• Supplied material:
——————————

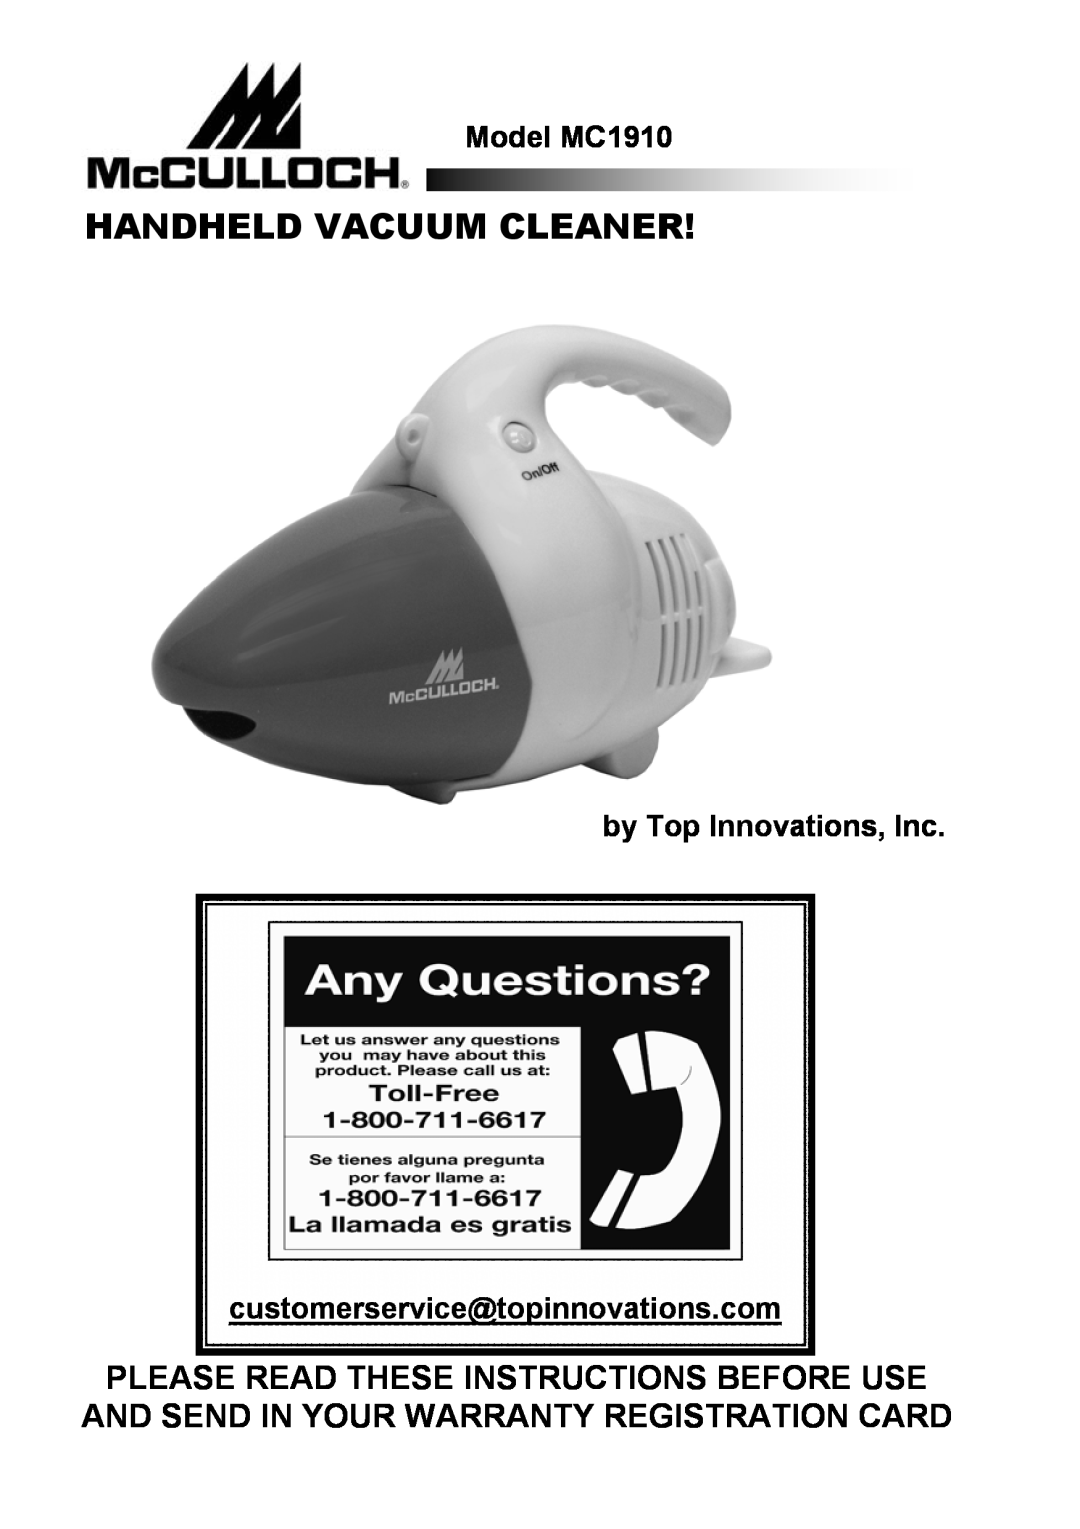 Top Innovations warranty Handheld Vacuum Cleaner, Model MC1910, by Top Innovations, Inc 
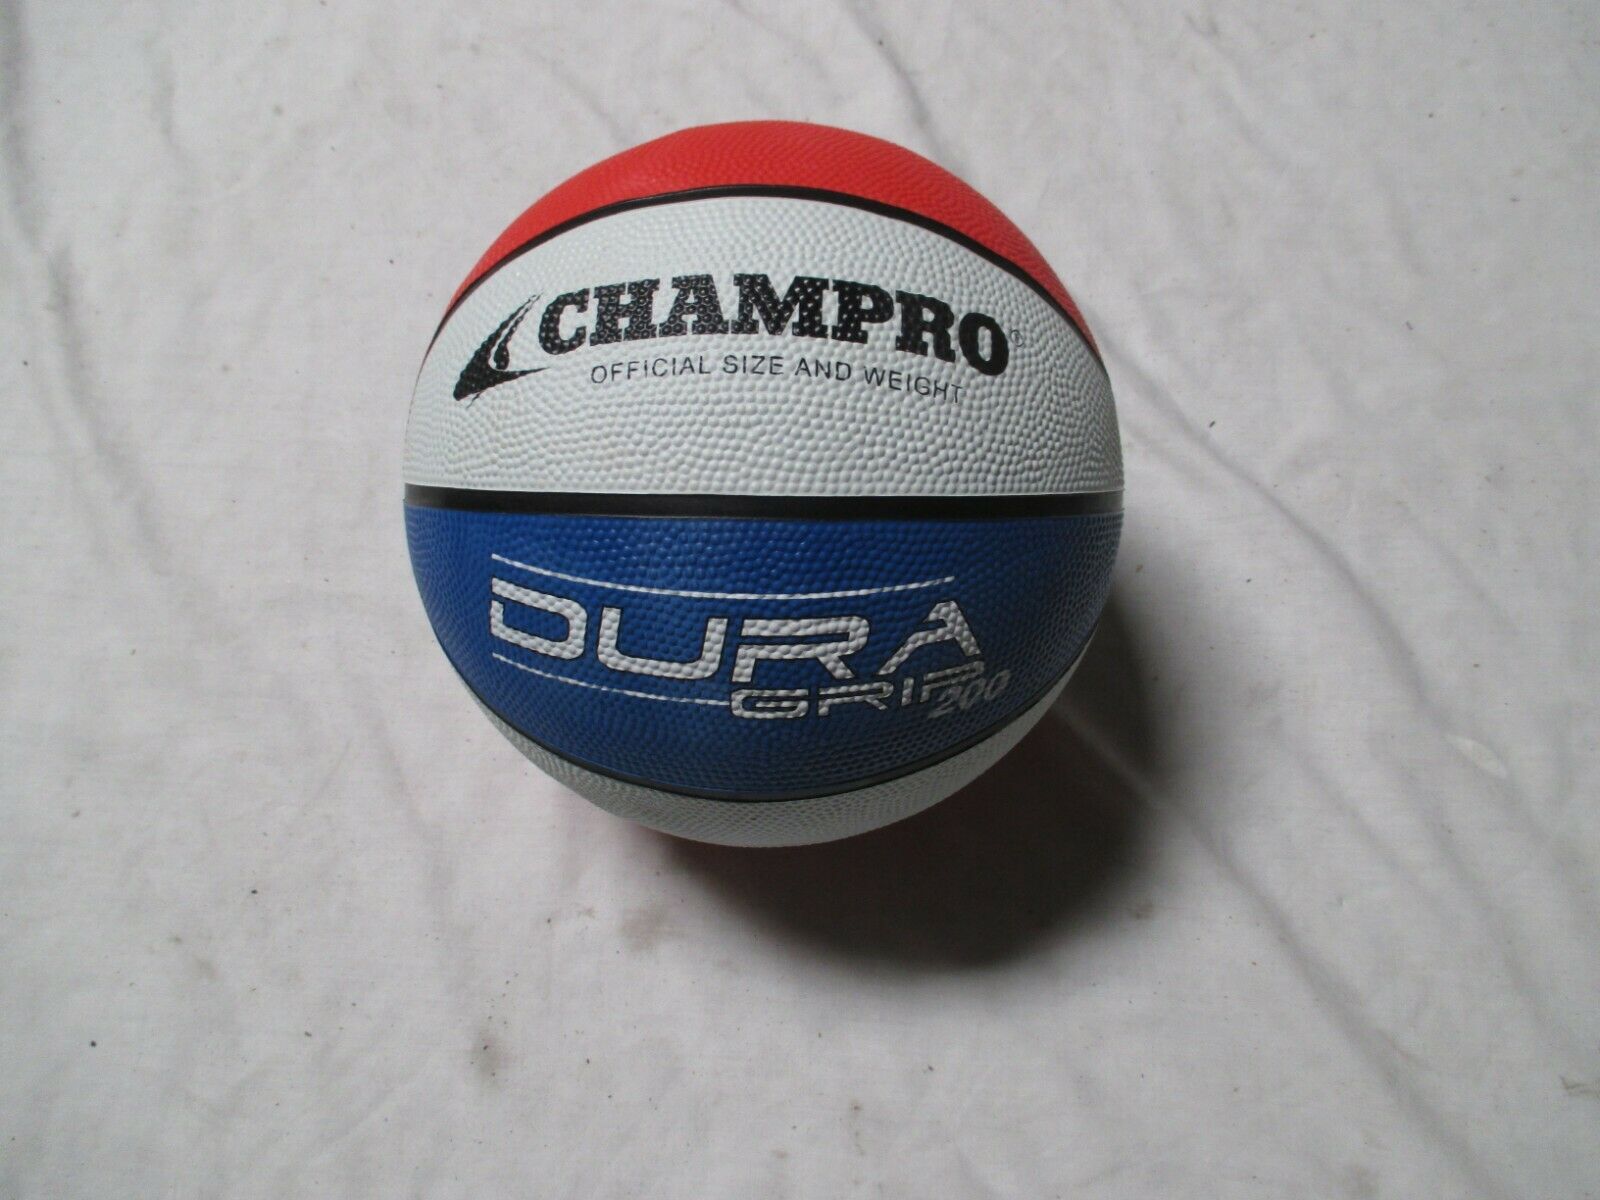 CHAMPRO 200 RUBBER  BASKETBALL (29.5 OFFICIAL SIZE)
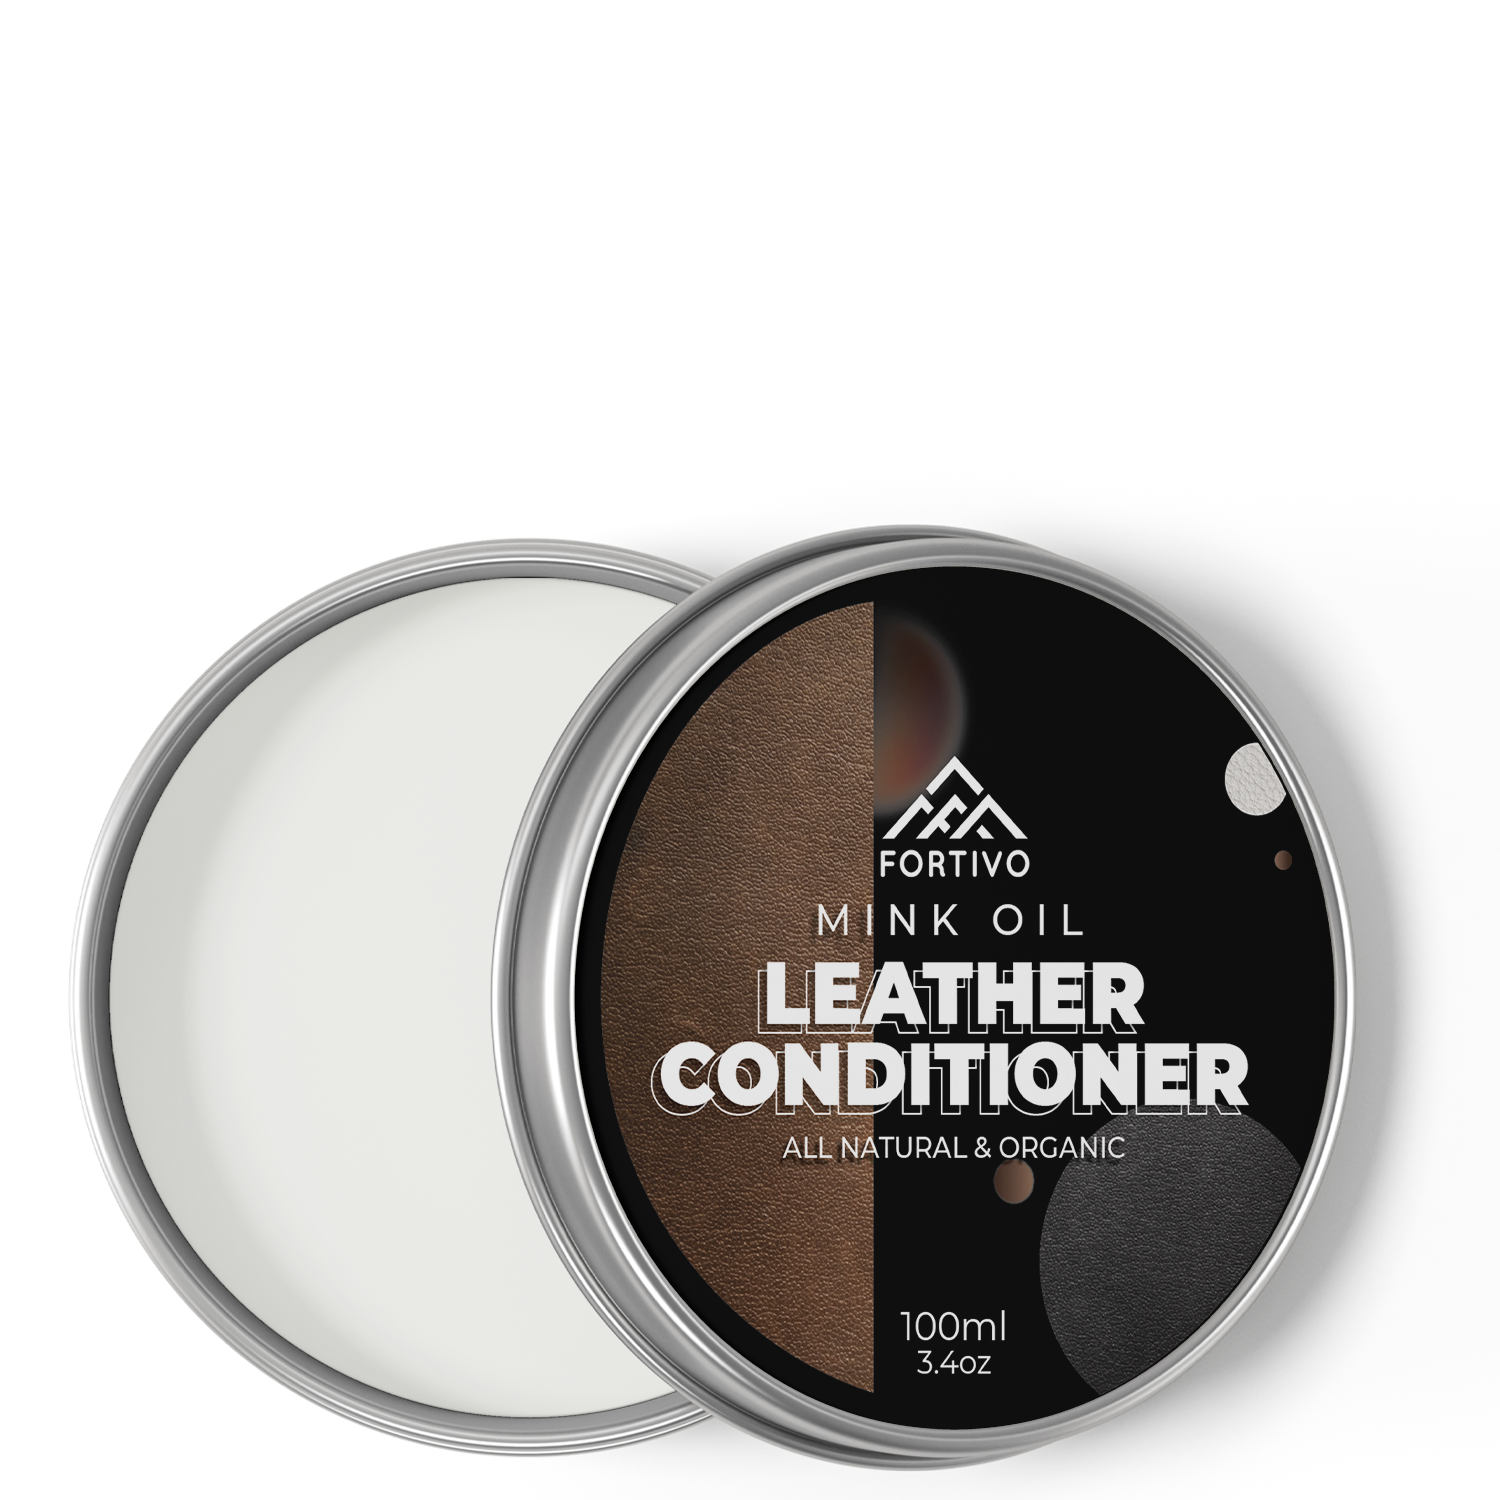 Leather Recoloring Balm with Mink Oil for Leather Furniture Dark Gray

——————————

• Work required: Make an exact printout of the listing above, omitting the images.

• Your solution:
 Top Innovations warranty Handheld Vacuum Cleaner, Model MC1910, by Top Innovations, Inc 
 CHAMPRO 200 RUBBER  BASKETBALL (29.5 OFFICIAL SIZE)
 Leather Recoloring Balm with Mink Oil for Leather Furniture Dark Gray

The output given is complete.